What to work on: Starting at the line that contains "solider kinder klapptisch" and ending at the line that contains "Stehtisch Zu Mieten", the lines below are to be given again exactly, with nothing added.

(Collected data)
------------------------------------

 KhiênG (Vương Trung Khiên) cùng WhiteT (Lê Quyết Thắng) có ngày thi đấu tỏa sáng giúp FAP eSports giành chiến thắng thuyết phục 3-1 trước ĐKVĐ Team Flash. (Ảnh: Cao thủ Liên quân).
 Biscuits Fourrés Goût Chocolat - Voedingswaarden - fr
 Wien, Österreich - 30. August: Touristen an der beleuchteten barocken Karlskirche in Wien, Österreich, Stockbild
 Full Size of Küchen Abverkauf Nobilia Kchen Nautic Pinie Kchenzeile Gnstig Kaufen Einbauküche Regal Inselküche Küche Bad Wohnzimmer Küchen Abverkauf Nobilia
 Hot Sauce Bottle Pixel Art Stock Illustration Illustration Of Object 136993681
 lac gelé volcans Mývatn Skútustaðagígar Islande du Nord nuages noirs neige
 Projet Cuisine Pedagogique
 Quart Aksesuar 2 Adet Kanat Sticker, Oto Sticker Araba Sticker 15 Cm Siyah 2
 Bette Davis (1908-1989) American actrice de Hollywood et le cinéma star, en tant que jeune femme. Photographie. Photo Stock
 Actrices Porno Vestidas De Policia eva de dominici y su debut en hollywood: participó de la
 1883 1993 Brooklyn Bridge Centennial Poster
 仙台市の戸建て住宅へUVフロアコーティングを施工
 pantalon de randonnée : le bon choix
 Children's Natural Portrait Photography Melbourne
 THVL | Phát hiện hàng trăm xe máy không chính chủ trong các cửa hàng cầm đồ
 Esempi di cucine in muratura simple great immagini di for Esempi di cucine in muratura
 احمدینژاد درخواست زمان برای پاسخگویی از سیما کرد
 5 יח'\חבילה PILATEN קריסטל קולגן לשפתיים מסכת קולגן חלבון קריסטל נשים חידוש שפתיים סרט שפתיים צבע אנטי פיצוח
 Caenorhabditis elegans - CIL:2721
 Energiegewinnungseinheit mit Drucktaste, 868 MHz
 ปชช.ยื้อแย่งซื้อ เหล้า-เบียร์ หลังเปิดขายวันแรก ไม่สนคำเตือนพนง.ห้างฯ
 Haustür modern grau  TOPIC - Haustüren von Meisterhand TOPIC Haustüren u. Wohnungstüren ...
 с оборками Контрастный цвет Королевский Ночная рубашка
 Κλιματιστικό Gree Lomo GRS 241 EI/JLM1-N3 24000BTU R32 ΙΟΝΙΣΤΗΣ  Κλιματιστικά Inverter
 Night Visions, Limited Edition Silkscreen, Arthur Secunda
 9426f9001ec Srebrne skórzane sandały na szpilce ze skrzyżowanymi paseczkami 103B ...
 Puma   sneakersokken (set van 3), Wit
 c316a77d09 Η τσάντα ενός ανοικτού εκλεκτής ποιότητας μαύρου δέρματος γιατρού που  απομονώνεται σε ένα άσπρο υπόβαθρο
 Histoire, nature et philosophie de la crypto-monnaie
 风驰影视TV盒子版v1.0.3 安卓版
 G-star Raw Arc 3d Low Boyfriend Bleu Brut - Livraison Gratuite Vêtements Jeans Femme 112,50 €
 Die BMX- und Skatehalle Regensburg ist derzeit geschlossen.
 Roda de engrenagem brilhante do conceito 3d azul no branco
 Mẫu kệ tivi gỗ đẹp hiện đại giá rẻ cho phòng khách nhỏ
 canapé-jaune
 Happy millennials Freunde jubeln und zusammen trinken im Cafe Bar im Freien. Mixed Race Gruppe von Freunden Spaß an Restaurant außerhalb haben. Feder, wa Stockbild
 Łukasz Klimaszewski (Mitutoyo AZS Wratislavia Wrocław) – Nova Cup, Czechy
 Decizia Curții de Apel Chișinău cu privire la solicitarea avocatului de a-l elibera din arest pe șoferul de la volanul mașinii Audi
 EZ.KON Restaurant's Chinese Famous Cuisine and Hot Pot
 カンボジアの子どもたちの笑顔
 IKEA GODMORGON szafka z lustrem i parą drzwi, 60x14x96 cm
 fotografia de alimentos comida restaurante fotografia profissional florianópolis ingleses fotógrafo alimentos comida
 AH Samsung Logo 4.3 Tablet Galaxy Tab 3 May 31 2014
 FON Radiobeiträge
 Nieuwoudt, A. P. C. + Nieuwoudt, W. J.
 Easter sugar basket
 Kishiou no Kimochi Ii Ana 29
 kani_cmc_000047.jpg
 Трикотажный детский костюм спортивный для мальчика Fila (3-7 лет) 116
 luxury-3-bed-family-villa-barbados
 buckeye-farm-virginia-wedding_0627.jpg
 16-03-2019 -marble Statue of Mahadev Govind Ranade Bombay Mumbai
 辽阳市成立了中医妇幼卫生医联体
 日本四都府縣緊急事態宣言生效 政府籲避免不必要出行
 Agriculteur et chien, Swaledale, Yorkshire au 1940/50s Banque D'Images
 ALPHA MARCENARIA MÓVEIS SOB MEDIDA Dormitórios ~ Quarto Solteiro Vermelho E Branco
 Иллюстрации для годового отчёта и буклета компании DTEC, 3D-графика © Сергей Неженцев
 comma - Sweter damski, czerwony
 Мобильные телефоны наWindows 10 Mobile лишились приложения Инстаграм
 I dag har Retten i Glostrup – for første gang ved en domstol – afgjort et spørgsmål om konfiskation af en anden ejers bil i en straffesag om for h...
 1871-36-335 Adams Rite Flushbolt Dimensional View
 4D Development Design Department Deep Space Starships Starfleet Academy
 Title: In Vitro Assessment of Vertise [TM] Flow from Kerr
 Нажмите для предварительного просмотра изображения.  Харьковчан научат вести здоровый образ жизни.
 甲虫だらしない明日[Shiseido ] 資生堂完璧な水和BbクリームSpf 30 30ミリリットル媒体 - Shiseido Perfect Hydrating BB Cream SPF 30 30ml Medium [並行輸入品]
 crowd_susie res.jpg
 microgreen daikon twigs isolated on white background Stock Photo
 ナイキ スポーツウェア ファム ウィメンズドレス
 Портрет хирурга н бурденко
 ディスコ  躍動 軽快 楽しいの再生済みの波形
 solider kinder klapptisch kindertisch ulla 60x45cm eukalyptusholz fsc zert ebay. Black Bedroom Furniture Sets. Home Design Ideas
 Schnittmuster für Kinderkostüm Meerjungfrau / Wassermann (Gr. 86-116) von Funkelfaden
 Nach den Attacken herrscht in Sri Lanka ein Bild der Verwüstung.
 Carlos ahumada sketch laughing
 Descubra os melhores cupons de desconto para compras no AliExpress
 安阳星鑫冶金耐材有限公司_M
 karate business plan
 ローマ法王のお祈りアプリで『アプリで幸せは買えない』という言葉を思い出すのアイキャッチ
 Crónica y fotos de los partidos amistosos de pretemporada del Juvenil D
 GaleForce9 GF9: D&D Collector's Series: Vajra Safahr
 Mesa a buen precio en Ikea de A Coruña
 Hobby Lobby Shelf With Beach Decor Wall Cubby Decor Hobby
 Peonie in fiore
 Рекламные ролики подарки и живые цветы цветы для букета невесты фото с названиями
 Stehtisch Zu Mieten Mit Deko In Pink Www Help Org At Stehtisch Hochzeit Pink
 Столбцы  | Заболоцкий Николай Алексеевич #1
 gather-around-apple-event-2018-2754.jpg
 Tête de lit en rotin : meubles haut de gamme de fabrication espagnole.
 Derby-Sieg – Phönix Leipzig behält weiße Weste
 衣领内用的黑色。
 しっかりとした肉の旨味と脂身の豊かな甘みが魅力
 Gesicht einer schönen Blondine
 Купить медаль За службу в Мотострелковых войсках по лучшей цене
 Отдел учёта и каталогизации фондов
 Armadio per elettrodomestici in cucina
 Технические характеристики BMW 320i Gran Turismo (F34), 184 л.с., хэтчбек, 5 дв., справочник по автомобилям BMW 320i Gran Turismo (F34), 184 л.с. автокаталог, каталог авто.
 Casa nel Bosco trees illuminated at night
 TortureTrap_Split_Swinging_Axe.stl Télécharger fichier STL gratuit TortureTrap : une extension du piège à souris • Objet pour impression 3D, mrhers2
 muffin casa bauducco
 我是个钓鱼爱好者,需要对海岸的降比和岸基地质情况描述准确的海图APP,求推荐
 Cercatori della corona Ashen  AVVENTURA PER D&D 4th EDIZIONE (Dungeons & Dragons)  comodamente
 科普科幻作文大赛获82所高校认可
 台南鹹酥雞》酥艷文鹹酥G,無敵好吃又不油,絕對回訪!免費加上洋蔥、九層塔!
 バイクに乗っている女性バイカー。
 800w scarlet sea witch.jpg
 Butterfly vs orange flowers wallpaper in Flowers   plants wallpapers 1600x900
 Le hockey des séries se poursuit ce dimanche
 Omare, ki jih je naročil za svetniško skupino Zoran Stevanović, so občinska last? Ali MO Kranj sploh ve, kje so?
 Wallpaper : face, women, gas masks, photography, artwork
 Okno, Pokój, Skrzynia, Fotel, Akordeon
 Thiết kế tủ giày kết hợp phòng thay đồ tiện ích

------------------------------------

Solved exercise:
 solider kinder klapptisch kindertisch ulla 60x45cm eukalyptusholz fsc zert ebay. Black Bedroom Furniture Sets. Home Design Ideas
 Schnittmuster für Kinderkostüm Meerjungfrau / Wassermann (Gr. 86-116) von Funkelfaden
 Nach den Attacken herrscht in Sri Lanka ein Bild der Verwüstung.
 Carlos ahumada sketch laughing
 Descubra os melhores cupons de desconto para compras no AliExpress
 安阳星鑫冶金耐材有限公司_M
 karate business plan
 ローマ法王のお祈りアプリで『アプリで幸せは買えない』という言葉を思い出すのアイキャッチ
 Crónica y fotos de los partidos amistosos de pretemporada del Juvenil D
 GaleForce9 GF9: D&D Collector's Series: Vajra Safahr
 Mesa a buen precio en Ikea de A Coruña
 Hobby Lobby Shelf With Beach Decor Wall Cubby Decor Hobby
 Peonie in fiore
 Рекламные ролики подарки и живые цветы цветы для букета невесты фото с названиями
 Stehtisch Zu Mieten Mit Deko In Pink Www Help Org At Stehtisch Hochzeit Pink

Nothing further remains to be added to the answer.